Heiko Trinsinger (Hans Heiling), Jessica Muirhead (Anna), Rebecca Teem (la Reine des Esprits de la terre), Bettina Ranch (Gertrude), Jeffrey Dowd (Konrad), Karel Martin Ludvik (Stephan), Hans-Günter Papirnik (Niklas), Essener Philharmoniker et chœur du théâtre Aalto d'Essen, dir. Frank Beermann (live, 2018).
Oehms Classics OC 976 (2 CD). Présentation en allemand et en anglais ; livret en allemand. Distr. Outhere.

 

« Grand opéra romantique » en un prologue et trois actes créé au Hofoper de Berlin en 1833, Hans Heiling de Heinrich Marschner (1795-1861) constitue un maillon essentiel entre Weber et Wagner. Au départ, le librettiste et chanteur Eduard Devrient (1801-1877) destinait son livret à son ami Mendelssohn, avec lequel il avait chanté la partie du Christ lors de la fameuse exécution de la Passion selon saint Matthieu de Bach en 1829, mais qui n'en voulut pas en prétextant la trop grande parenté avec Le Freischütz. Son choix se porta ensuite sur Marschner, alors directeur du théâtre de cour de Hanovre, qui avait déjà triomphé avec Le Vampire (1828) et Der Templer und die Jüdin (1829). Après la création, avec Devrient dans le rôle-titre, l'ouvrage fit l'objet de nombreuses reprises un peu partout en Europe, mais la France dut attendre jusqu'en 2004 avant de le découvrir à Strasbourg.

Très wagnérien avant l'heure, le sujet montre comment Hans Heiling, roi des Esprits de la terre, quitte son domaine surnaturel pour connaître l'amour d'une femme, Anna. Prenant conscience de la véritable nature de son fiancé, celle-ci se détourne de lui et décide d'épouser plutôt le chasseur Konrad. Sur le point d'assouvir sa vengeance contre ceux qui l'ont trahi, Heiling obéit à sa mère, abandonne toute velléité de violence et retourne dans son royaume souterrain.

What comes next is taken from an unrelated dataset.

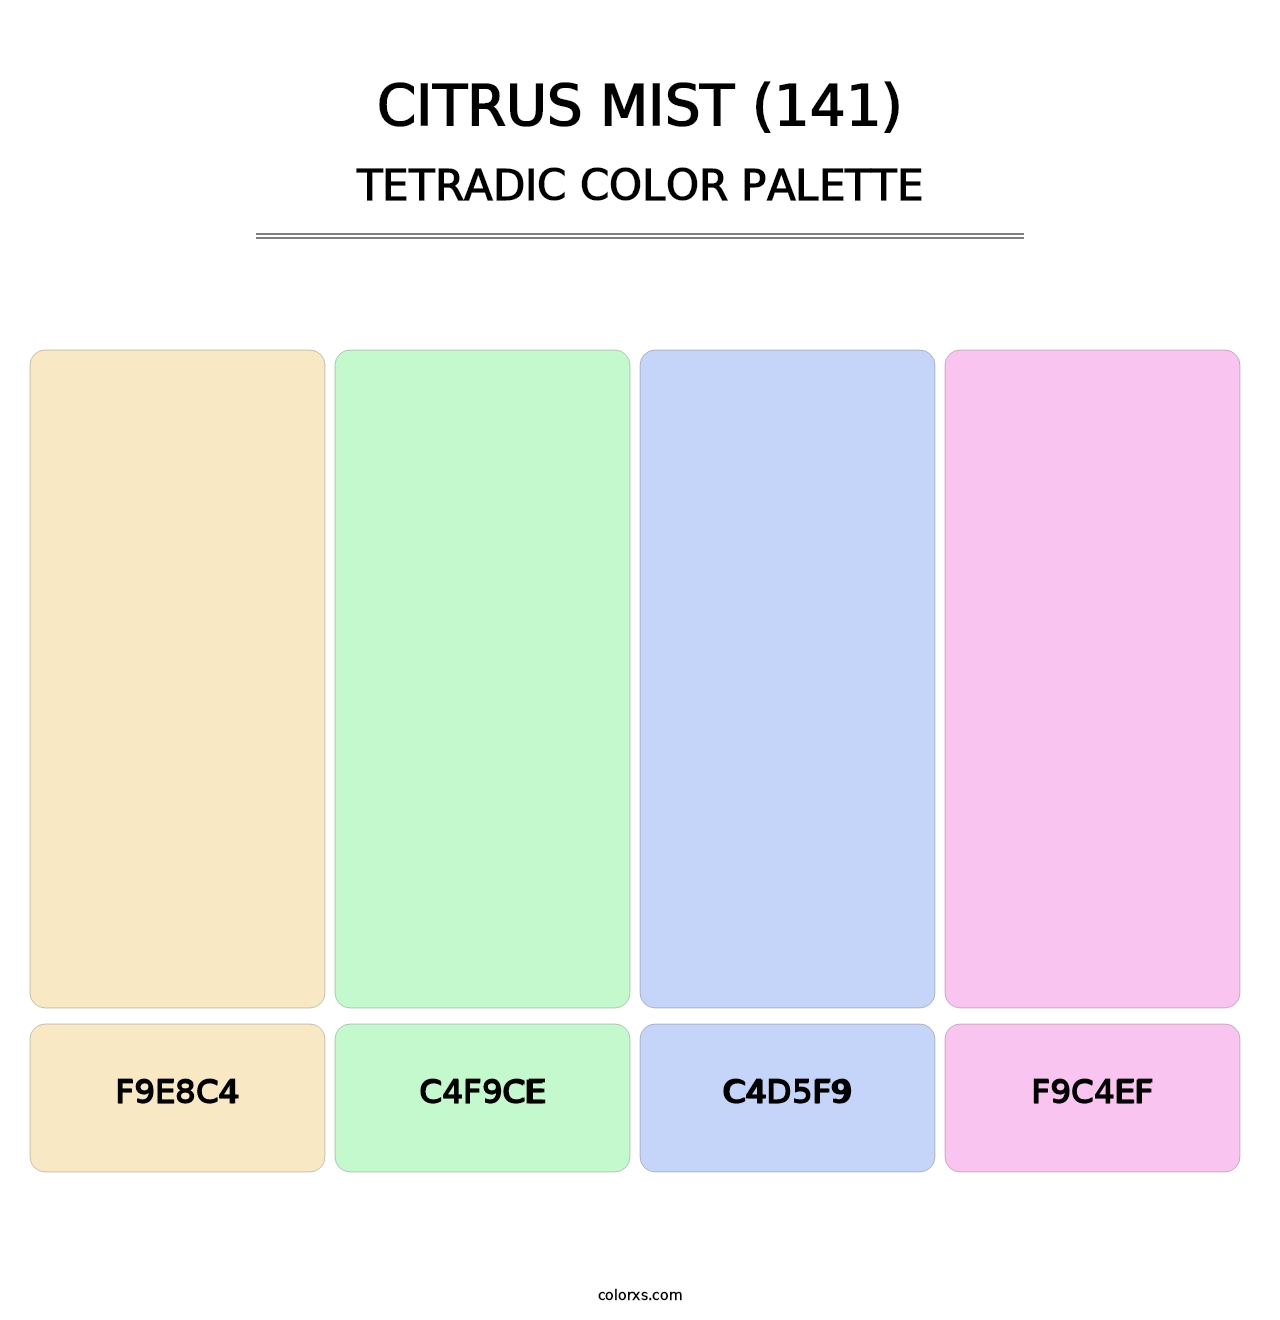 Citrus Mist (141) - Tetradic Color Palette

Enregistrée au théâtre Aalto d'Essen, cette version se distingue d'abord par le confort de sa prise de son et une extraordinaire intensité dramatique. Sous la direction de Frank Beermann, l'orchestration de Marschner est rutilante et riche en atmosphères contrastées. Pour s'en convaincre, il suffit d'écouter la splendide ouverture (placée de façon inhabituelle entre le prologue et le premier acte), les tableaux de réjouissances populaires ou la scène absolument saisissante où Gertrude attend avec anxiété le retour de sa fille Anna en alternant parole et passages chantés. L'interprète de ce rôle, la mezzo Bettina Ranch, s'y révèle troublante grâce à la somptuosité d'une voix aux riches harmoniques. L'autre nom à retenir d'une distribution malheureusement fort inégale est Jessica Muirhead, qui offre un portrait ravissant d'Anna ; le timbre est frais et l'expression toujours juste. Ses quelques difficultés dans les moments très exposés ne sont que peccadilles en regard de celles du ténor Jeffrey Dowd, Konrad poussif dénué de séduction vocale ayant la fâcheuse habitude d'attaquer les notes aiguës par en-dessous, et celles de Rebecca Teem, Reine des Esprits passionnée mais aux prises avec un instrument rétif. Le Hans Heiling de Heiko Trinsinger laisse une impression partagée en raison d'une certaine raideur dans l'émission, jointe à une relative indifférence. Le célèbre « An jenem Tag » du premier acte tombe ainsi un peu à plat, nous faisant regretter le somptueux Hermann Prey, dans l'intégrale dirigée par Joseph Keilberth à Cologne en 1966 (Myto). Outre le solide baryton-basse Karel Martin Ludvik en Stephan, ces disques permettent d'apprécier la discipline d'un chœur vibrant, mais parfois un peu mis à mal par l'écriture de Marschner. De même que la version vidéo filmée à Cagliari en 2004 avec Anna Caterina Antonacci en Anna (DVD Dynamic), ce coffret possède d'indéniables qualités, mais ne parvient pas à rendre totalement justice à une œuvre aux exigences redoutables.